RU229388U1 - DEVICE FOR PROCESSING ACTIVATED SLUDGE - Google Patents

Abstract

The utility model relates to the field of water treatment, namely to equipment for biological treatment of wastewater using activated sludge. A device for treating activated sludge comprises a gas suction chamber, in which a liquid-gas phase boundary is formed, and a feed and an outlet manifold, connected to each other. The chamber is connected to a vacuum pump. The feed manifold is configured to be connected to a tank for aerating a mixture of wastewater with activated sludge, and the outlet manifold is configured to be connected to a secondary settling tank. A flow swirler is installed in the feed manifold. At the outlet of the feed manifold, a device for collecting trapped gases is installed, one end of which is inserted into the feed manifold and has an overall dimension "z" smaller than the overall dimension "a" of the feed manifold. The device for collecting trapped gases is fixed equidistantly from the walls of the feed manifold so as not to block the flow of the mixture around it. The technical result consists in increasing the efficiency of activated sludge degassing. 6 clauses, 1 fig.

Description

FIELD OF TECHNOLOGY TO WHICH THE UTILITY MODEL RELATS

The utility model relates to the field of water treatment, namely to equipment for biological treatment of wastewater using activated sludge.

LEVEL OF TECHNOLOGY

A technology for wastewater treatment is known from the prior art [RU2201405, C02F 3/02, published 27.03.2003; RU2220112, C02F 3/02, published 27.12.2003; RU2228915, C02F 3/02, published 20.05.2004], which includes a unit where preliminary aerobic-anoxic biological treatment of wastewater is carried out with aerobic activated sludge, after which the pre-treated water with sludge enters an aeration tank-activation reservoir, where the final destruction of organic pollution occurs, after which the water enters a settling tank. The settled sludge accumulates at the bottom of the settling tank, and the water, having passed through porous filters, is discharged from the installations.

The disadvantages of this technology are the technological complexity of implementing two-stage purification, insufficiently effective regeneration of activated sludge, and the need for periodic regeneration of the porous filters used.

The closest analogue (prototype) is a plant for processing activated sludge in biological wastewater treatment, containing a tank for aeration of a mixture of waste with activated sludge and a secondary settling tank, connected to each other by feed and outlet collectors through a gas suction chamber, which is connected to a vacuum pump, and a pipeline for supplying purified water is connected to the feed collector at a distance of 1-2 m from its lower end, and the suspension level in the aeration tank is higher than the liquid level in the secondary settling tank.

When the vacuum pump is switched on, water enters the lower part of the feed manifold from the tank with purified water, forming a layer of liquid with a higher specific gravity in the feed manifold compared to the suspension, which creates a kind of hydraulic seal, ensuring, during the initial period of the unit's operation, a faster and more uniform movement of the purified suspension into the gas suction chamber, where accelerated degassing of sludge particles in the upper layers of the liquid occurs in a rarefied space. Degassed particles, being heavier, descend to the lower layers and enter the secondary settling tank through the outlet manifold [RU2367619, C02F 3/02, published 20.09.2009].
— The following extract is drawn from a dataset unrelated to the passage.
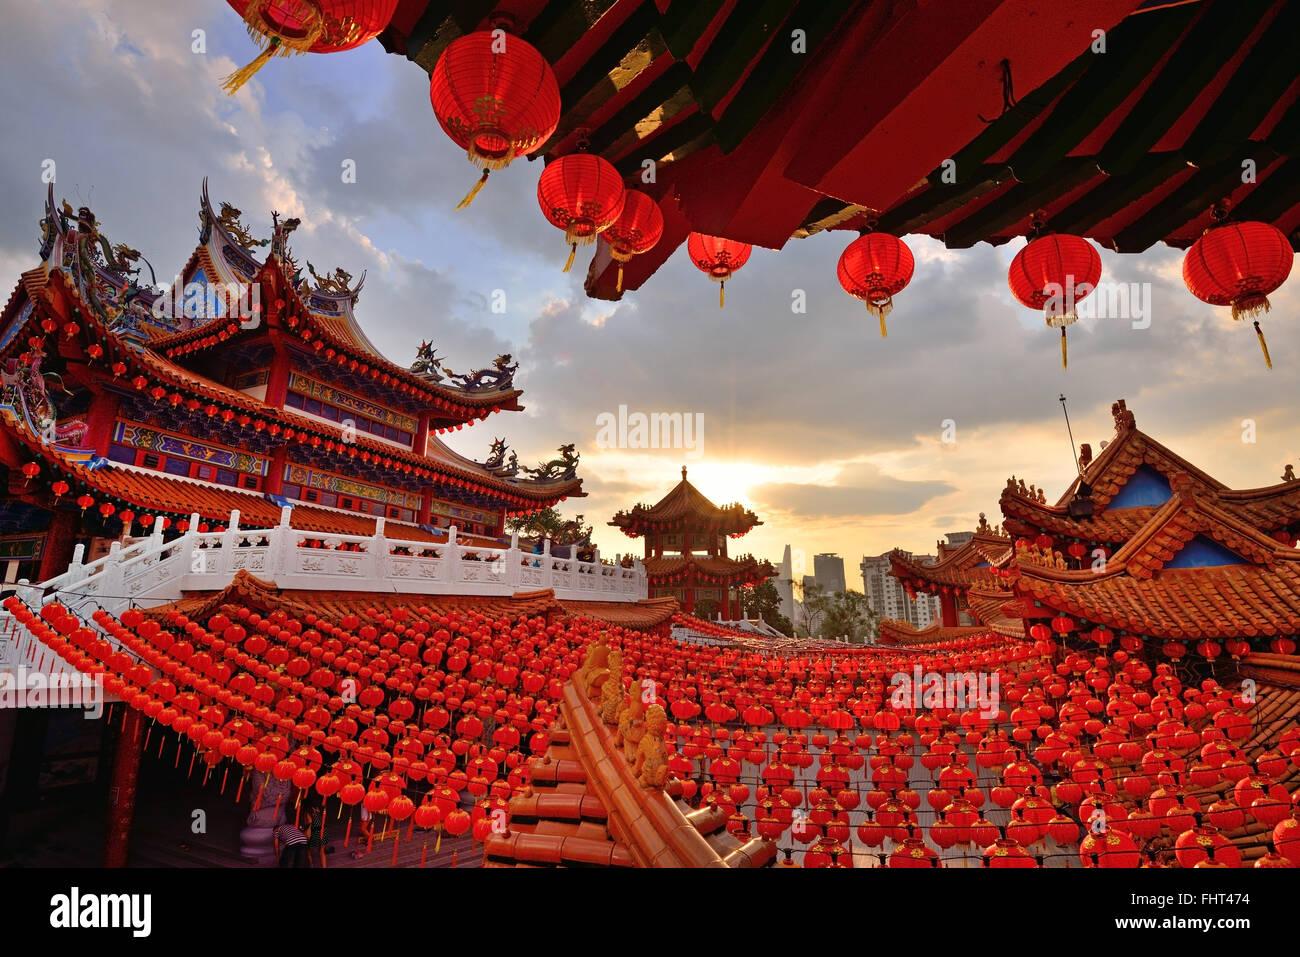 Lanterne rosse decorazioni a Thean Hou tempio di Kuala Lumpur in Malesia Immagini Stock

The disadvantage of the prototype is that the prototype does not provide sufficiently effective degassing, since some of the gas bubbles entering the gas suction chamber do not have time to reach the liquid-gas phase boundary and are carried out with the sludge mixture through the discharge manifold into the secondary settling tank.
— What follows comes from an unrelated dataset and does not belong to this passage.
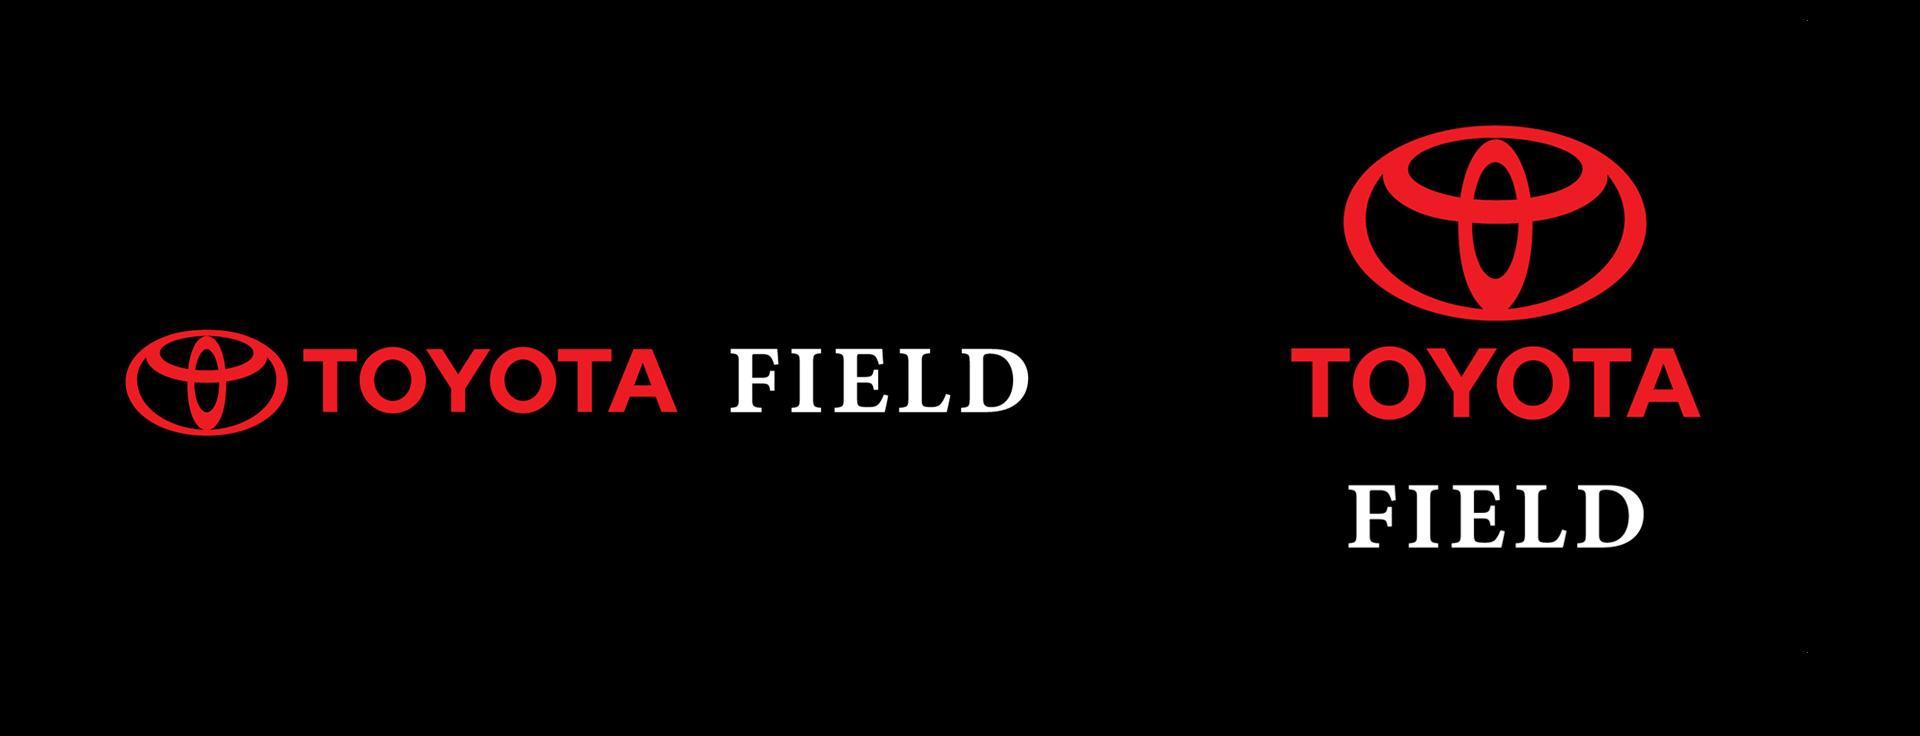 Toyota Field Logo Black

The objective of a utility model is to create a device that eliminates the disadvantage inherent in the prototype.

DISCLOSURE OF THE ESSENCE OF THE UTILITY MODEL

The technical result is an increase in the efficiency of activated sludge degassing.

The technical result is achieved in that a device is proposed for processing activated sludge, comprising a tank for aerating a mixture of wastewater with activated sludge and a secondary settling tank, connected to each other by feed and outlet collectors through a gas suction chamber, in which a liquid-gas phase boundary is formed, wherein the chamber is connected to a vacuum pump, characterized in that a flow swirler is installed in the feed collector, and at the outlet of the feed collector a device for collecting trapped gases is installed, one end of which is inserted into the feed collector and has an overall dimension "z" smaller than the overall dimension "a" of the feed collector, wherein the device for collecting trapped gases is fixed equidistantly from the walls of the feed collector in such a way as not to block the flow of the mixture around it.

There is an option in which the overall dimension “a” is 100 – 1600 mm.

There is an option in which the flow swirler is placed at a distance from the device for collecting the captured gases, corresponding to 3-4 overall dimensions “a”.

There is a variant in which the device for collecting captured gases is made in the form of a hollow cylinder.

There is a variant in which the overall dimension "z" is the nominal diameter of the hollow cylinder, while the ratio of overall dimensions "a": "z" is 2:1.

There is a variant in which the device for collecting the captured gases is made in the form of a hollow truncated cone.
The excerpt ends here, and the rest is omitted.